In the case of Directors, etc. who meet the beneficiary requirements established under the director stock benefit rules, the Directors, etc. concerned shall receive the granted points equivalent to the accumulated number of shares from the Trust in principle every three years on a fixed date during the trust period, through established procedures for the designated beneficiaries. However, in the case when Directors, etc. retire, they shall receive from the Trust after the period necessary for benefit procedures following retirement.
In addition, in the case of Directors, etc. who meet the beneficiary requirements established under the director stock benefit rules, Directors, etc. shall receive money in place of a certain portion of the Company’s stock benefit converted at the market price. For this monetary benefit to be provided, there may be cases when the Company will sell Company shares from the Trust.
In accordance with instructions from the trust administer, the voting rights represented by the Company’s shares held in the Trust’s account shall not be exercised without any exception. Adopting this approach is aimed at ensuring neutrality in the management of the Company with respect to the exercise of voting rights represented by the Company’s shares held in the Trust’s account.
The Trust shall receive dividends from the Company’s shares held in the Trust’s account and shall use them for payment to acquire the Company’s shares and for trust fees, etc. for the trustee of the Trust.

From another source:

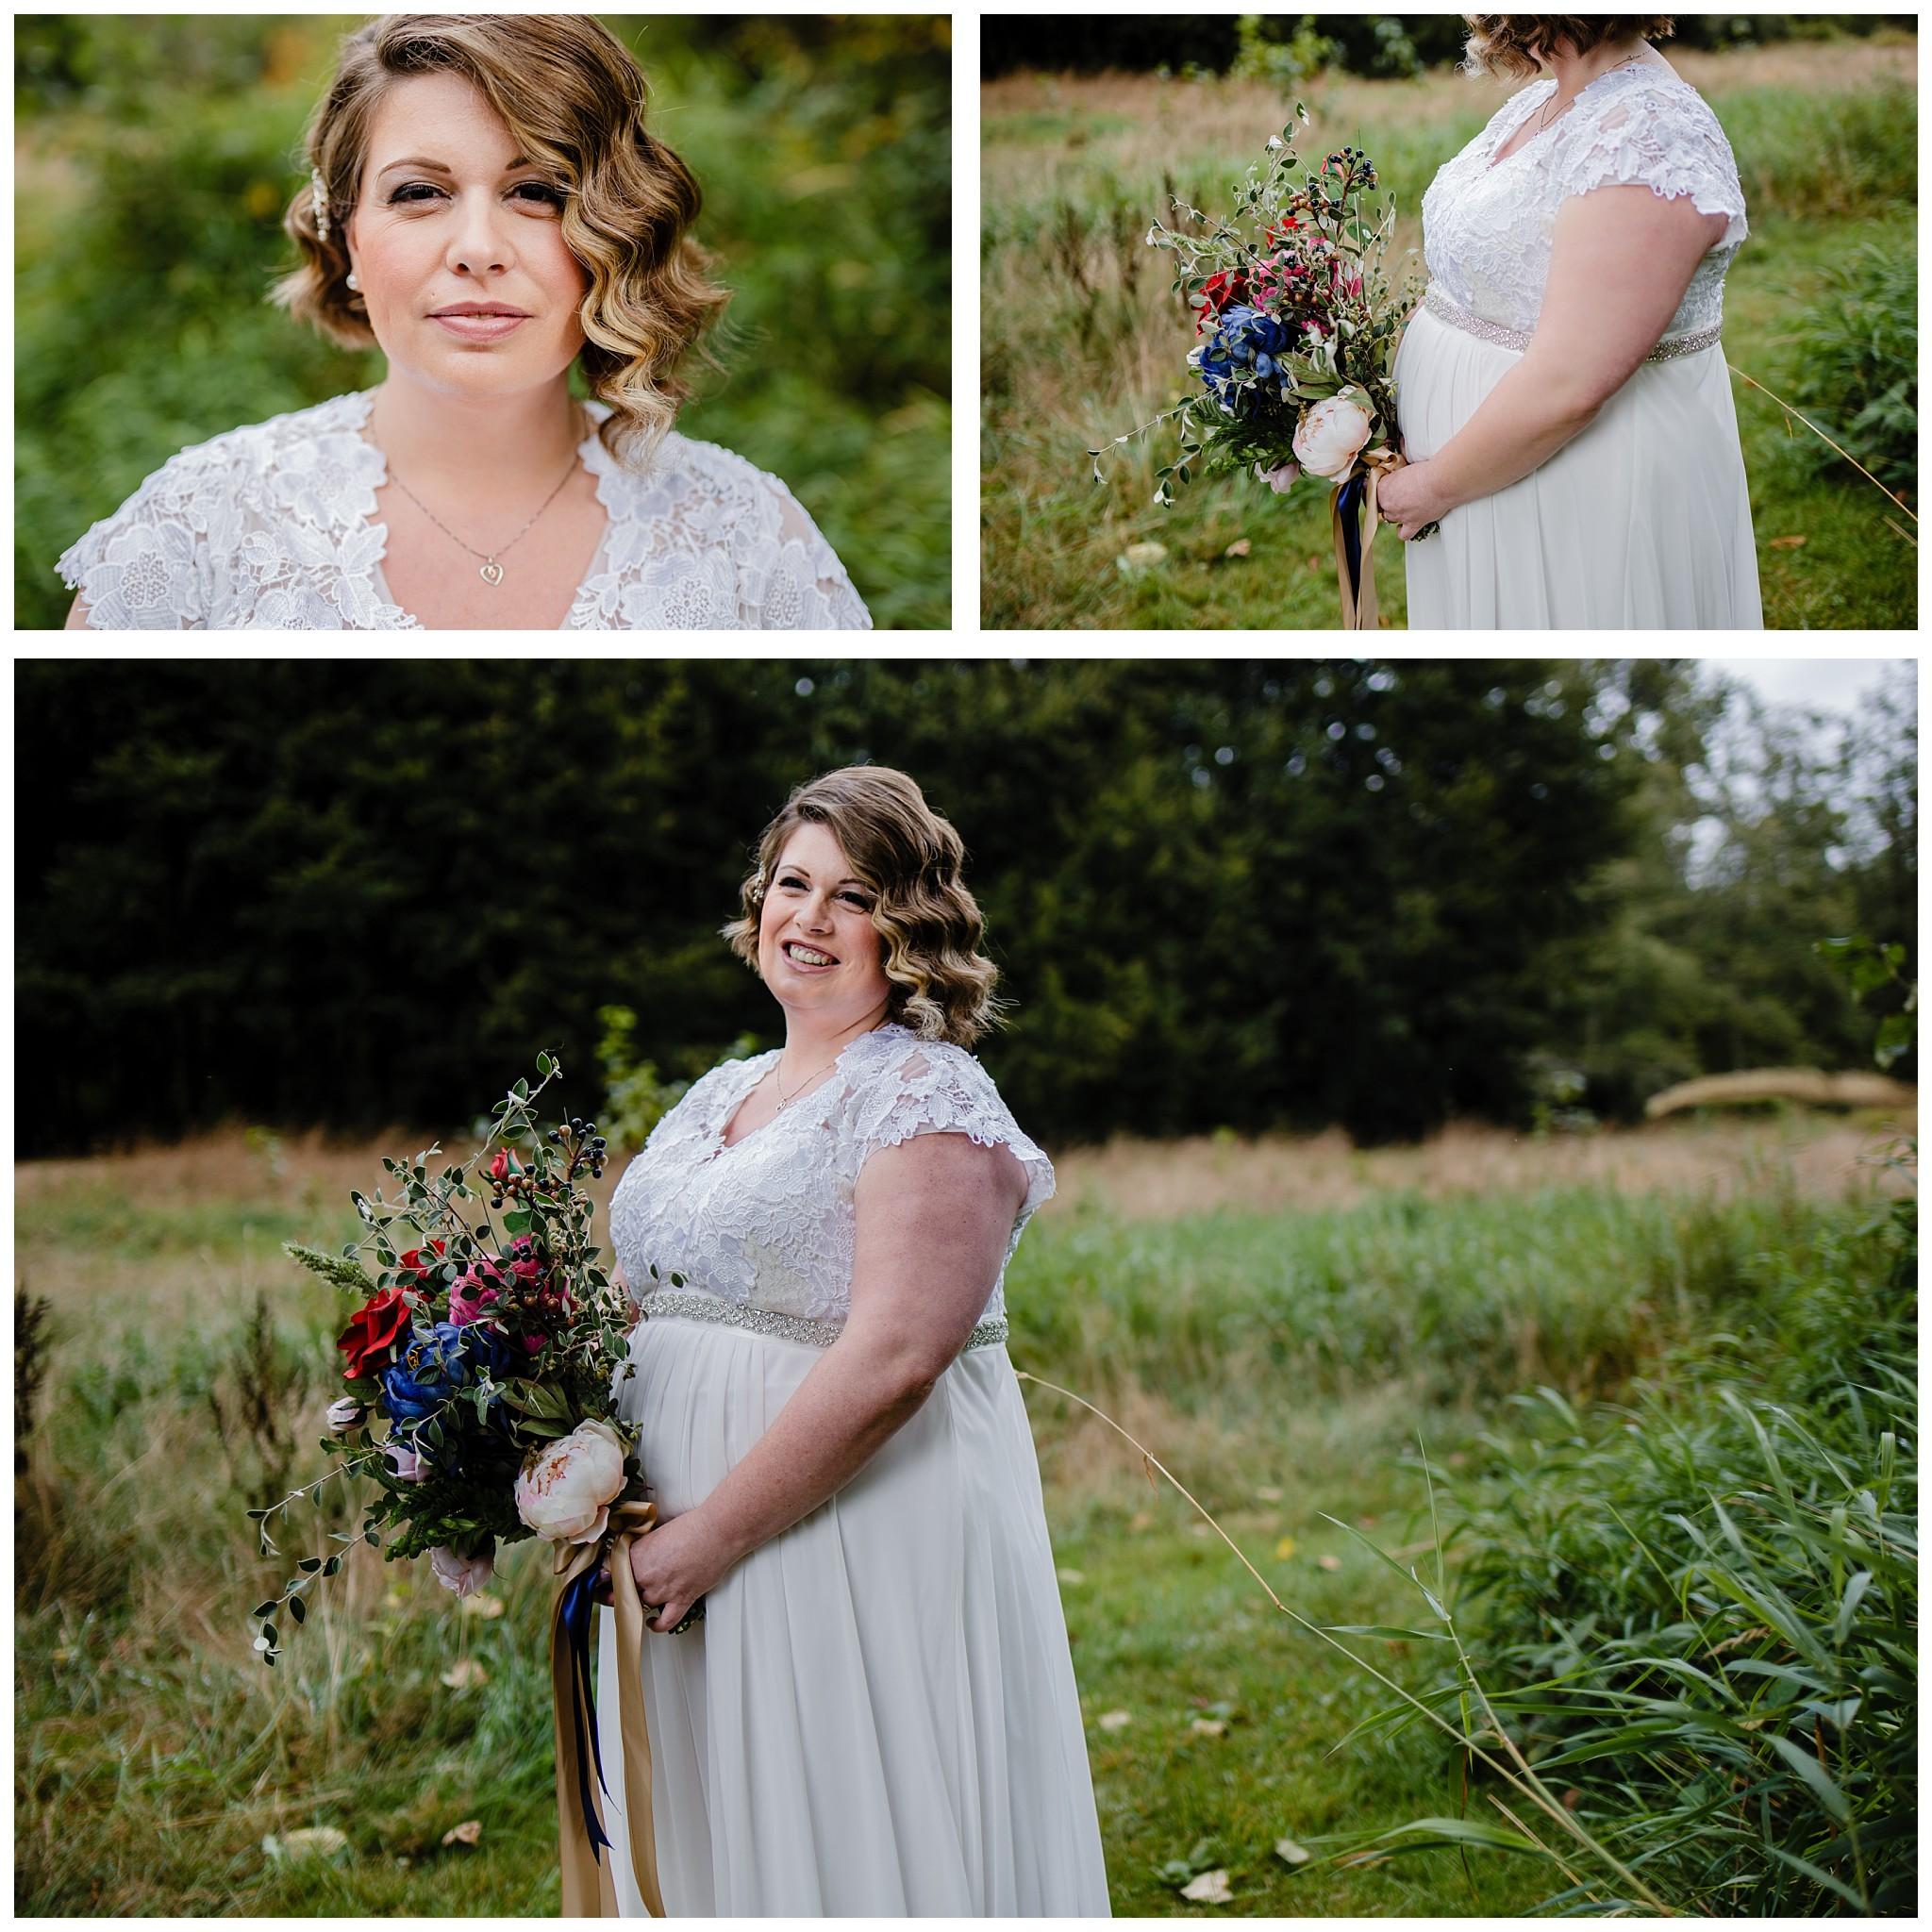 Aldergrove Park Fall Backyard Wedding Photographer Pregnant Bride Tent Outdoor BC Canada Best Wedding Photographer_0026.jpg

In addition, in the event the Trust is terminated, dividends remaining in the Trust shall be distributed to Directors, etc. in office at that time, in accordance with the provisions of the director stock benefit rules.
The Trust shall terminate in the case of a delisting of the Company’s shares or the termination of the director stock benefit rules, etc.
Of the remaining assets in the Trust upon termination of the Trust, after the Company acquires the remaining Company shares at no charge, the Company plans to cancel them after resolution by the Board of Directors. Of the remaining assets in the Trust upon termination of the Trust, the remaining amount of money as described in (9) above excluding the money provided to Directors, etc. shall be distributed to the Company. (For the purpose of providing for expenses, etc. during the trust period and apart from funds for the acquisition of shares, Company plans to contribute only the remaining cash reserve.)